Earlier optimism had been fueled by government plans to pour hundreds of billions of euros into infrastructure renewal and rearmament, alongside a string of more positive indicators since the start of 2025. In July, business morale rose for the seventh consecutive month, reaching its highest point in years, and prominent think tanks such as DIW revised their growth projections upward.
But ING's chief economist Carsten Brzeski warned that this confidence was misplaced, driven mainly by "temporary front-loading as US customers rushed to get orders in before new tariffs took effect."
"Optimism alone doesn't bring back growth," Brzeski told AFP. "A full reversal of previous US front-loading effects has pushed the German economy back into recessionary territory."
Although the United States and the European Union reached an agreement in late July to stave off an all-out trade war, exporters remain uncertain about how the deal will be implemented. The arrangement leaves most EU products facing a 15-percent tariff, while German cars remain subject to a 27.5 percent duty until the EU passes legislation to scrap its own levies on American industrial goods.

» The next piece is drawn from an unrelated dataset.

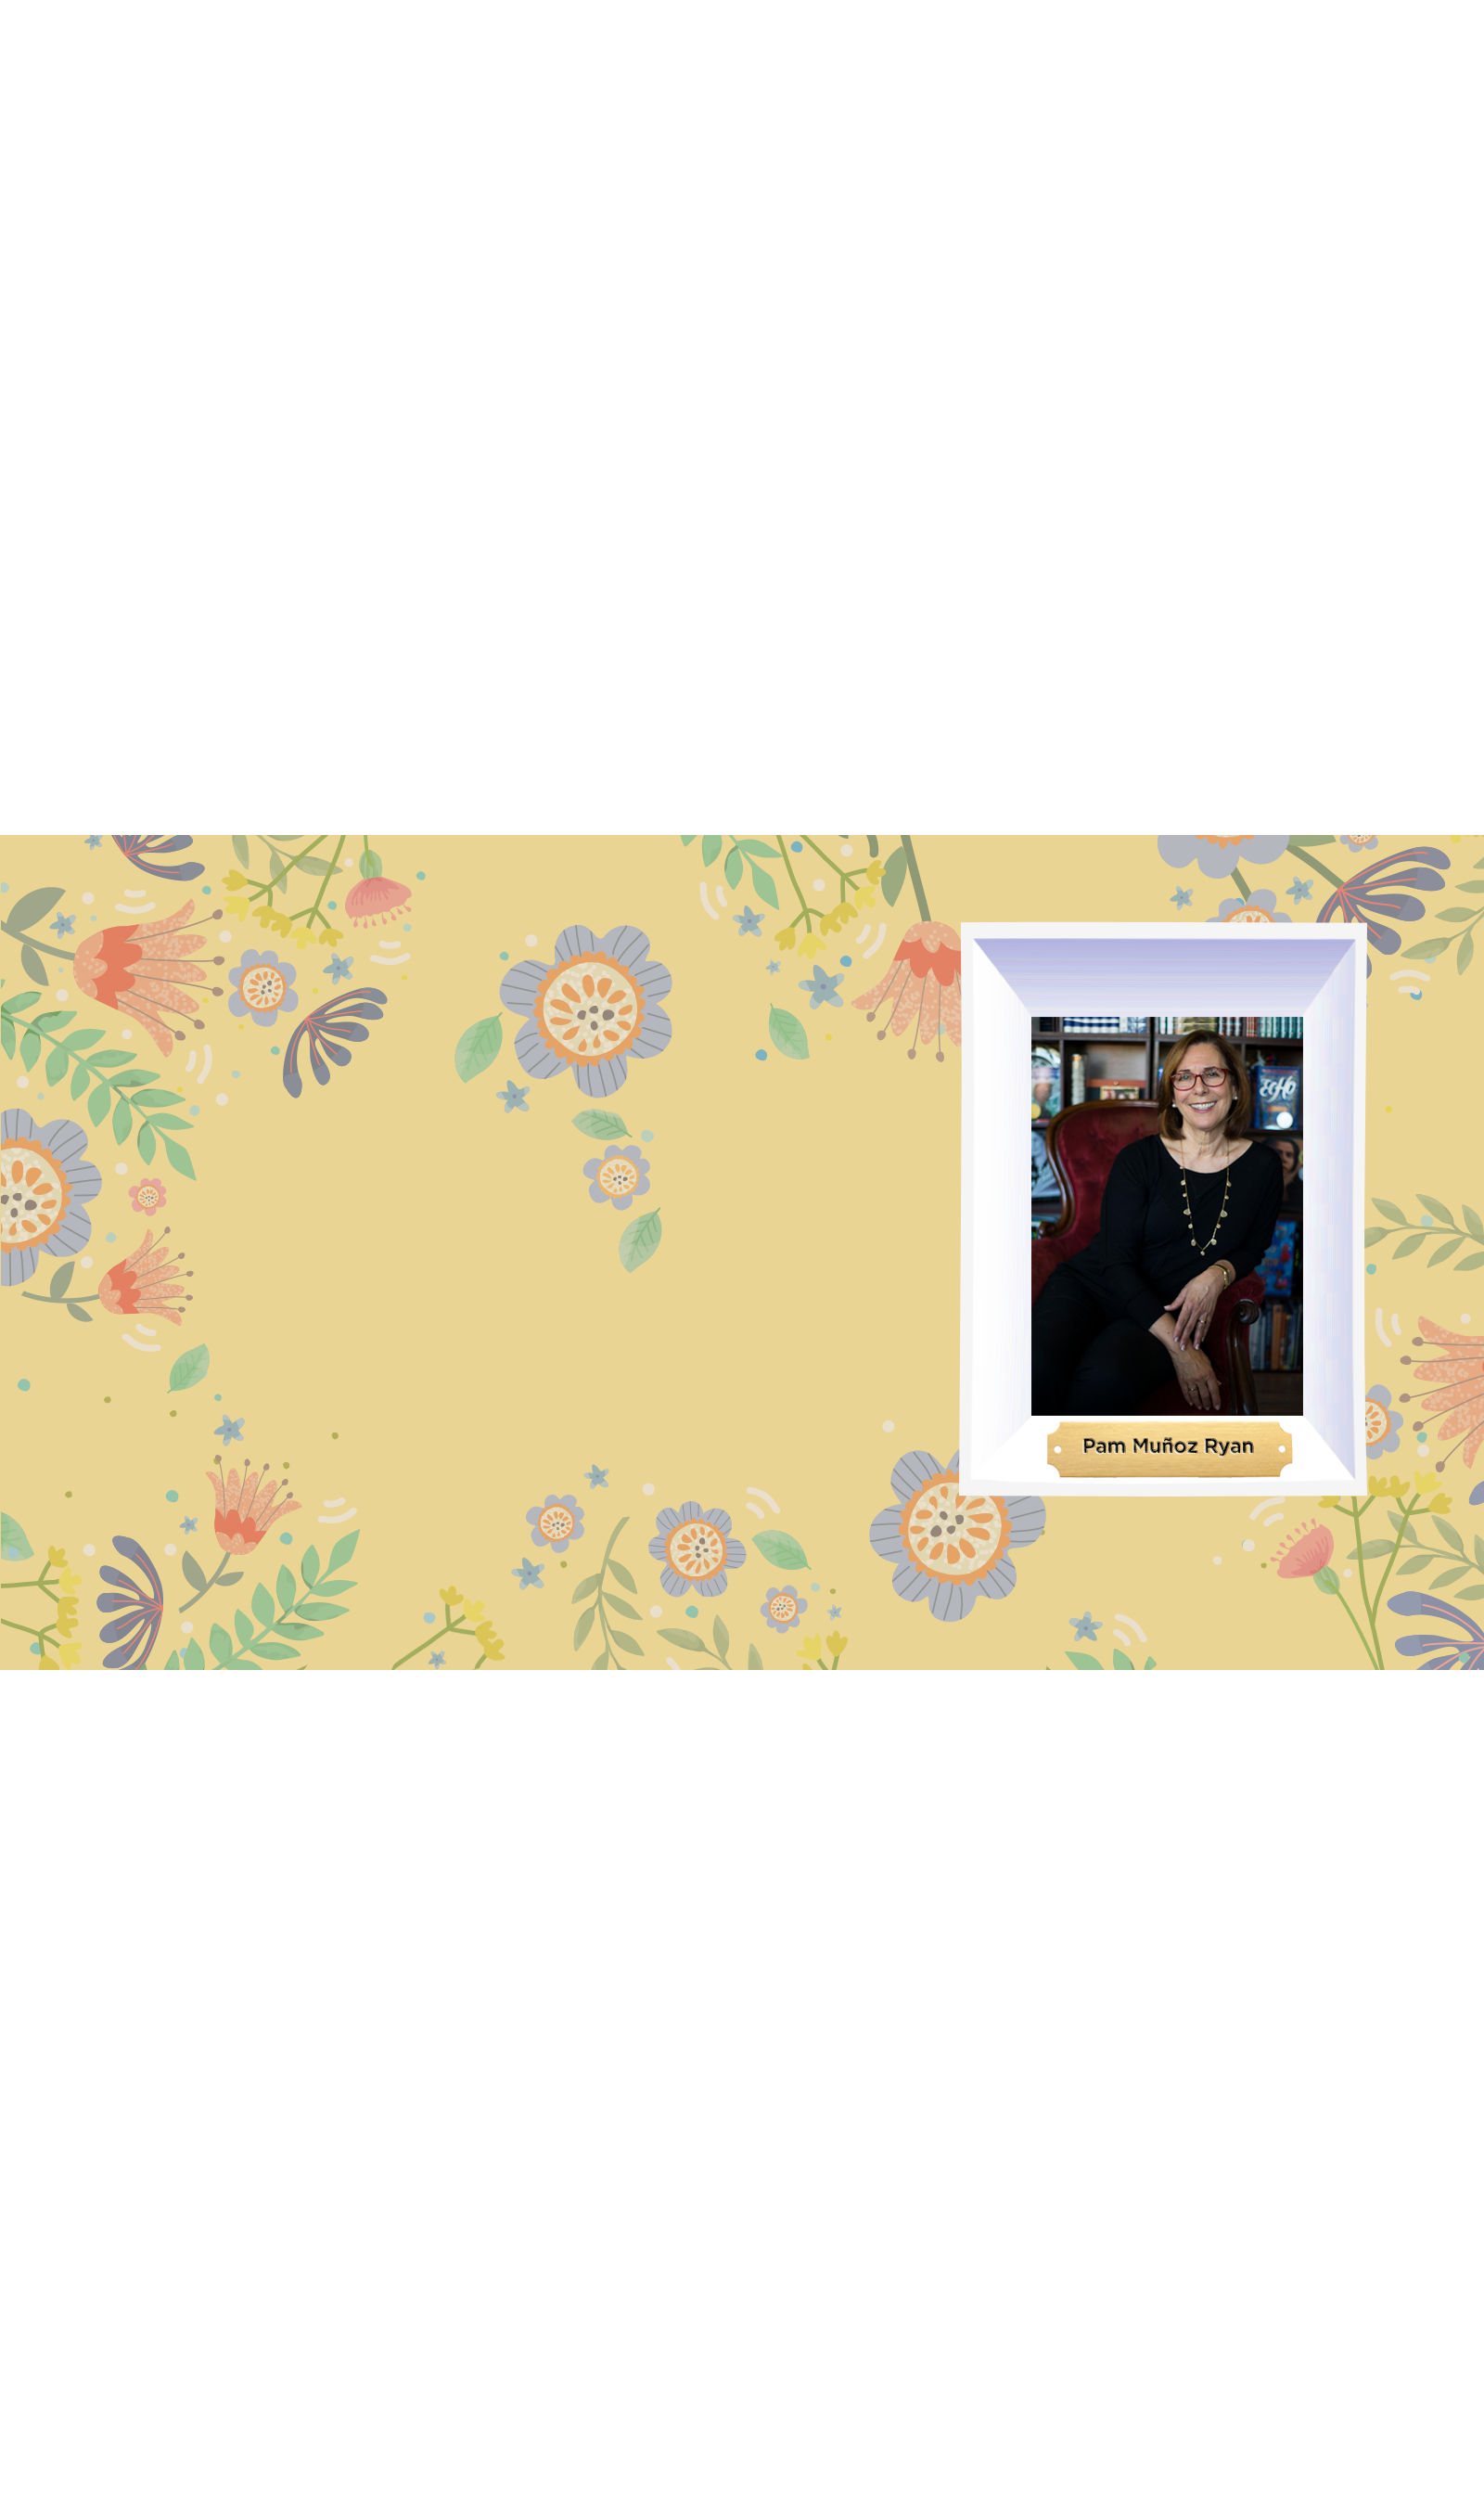 Women's History Month<br/> Pam Muñoz Ryan
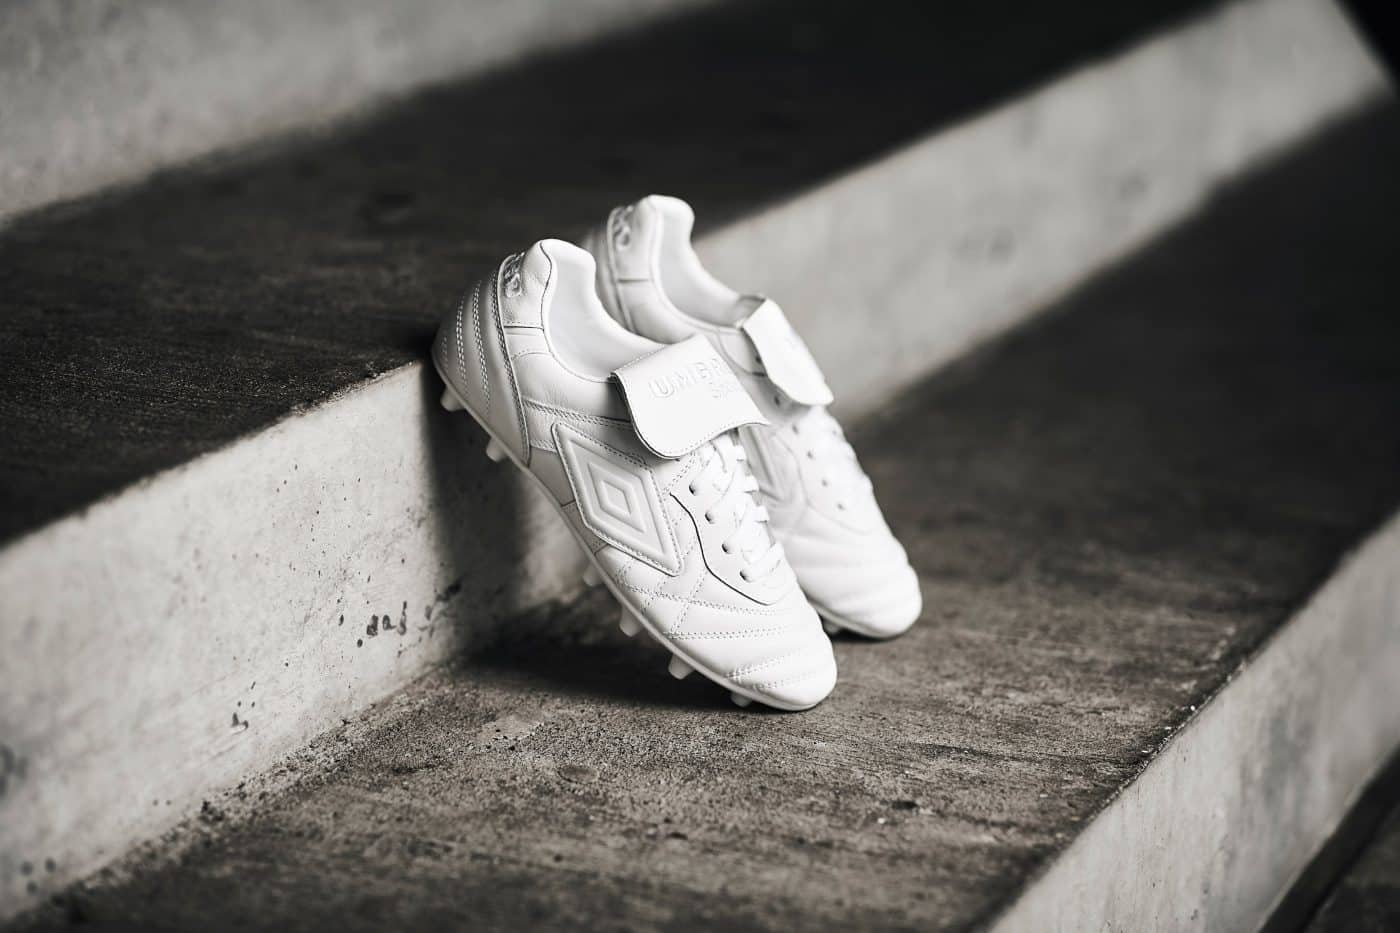 umbro-speciali-98-pro-blanc-4

"It is hard to see how the export-dependent German economy will be able to get out of seemingly never-ending stagnation," Brzeski added.
Political Strains
On the domestic front, debates over fiscal policy risk adding to the country's difficulties. Finance Minister Lars Klingbeil of the Social Democrats has floated potential tax increases to close a projected €30 billion gap in the 2027 budget. The idea met with swift opposition from Chancellor Friedrich Merz's Christian Democrats, who argue that lowering business taxes is essential to restore competitiveness.
"The tax burden for companies in Germany is already high," said Economy Minister Katherina Reiche of the CDU. "We need to talk about reducing the tax burden, not increasing it."
Brzeski warned that prolonged wrangling over austerity or tax changes could dampen confidence further: "The longer a debate on potential austerity measures lasts, the higher the risk that households and companies will hold back spending and investment decisions."
With exports under strain, industrial production depressed, and fiscal debates unresolved, Germany faces its most serious economic challenge in decades. Structural weaknesses, from energy dependence to lack of domestic demand, have left the country "too comfortable in stagnation," as Brzeski put it, raising doubts over whether recovery will arrive before 2026.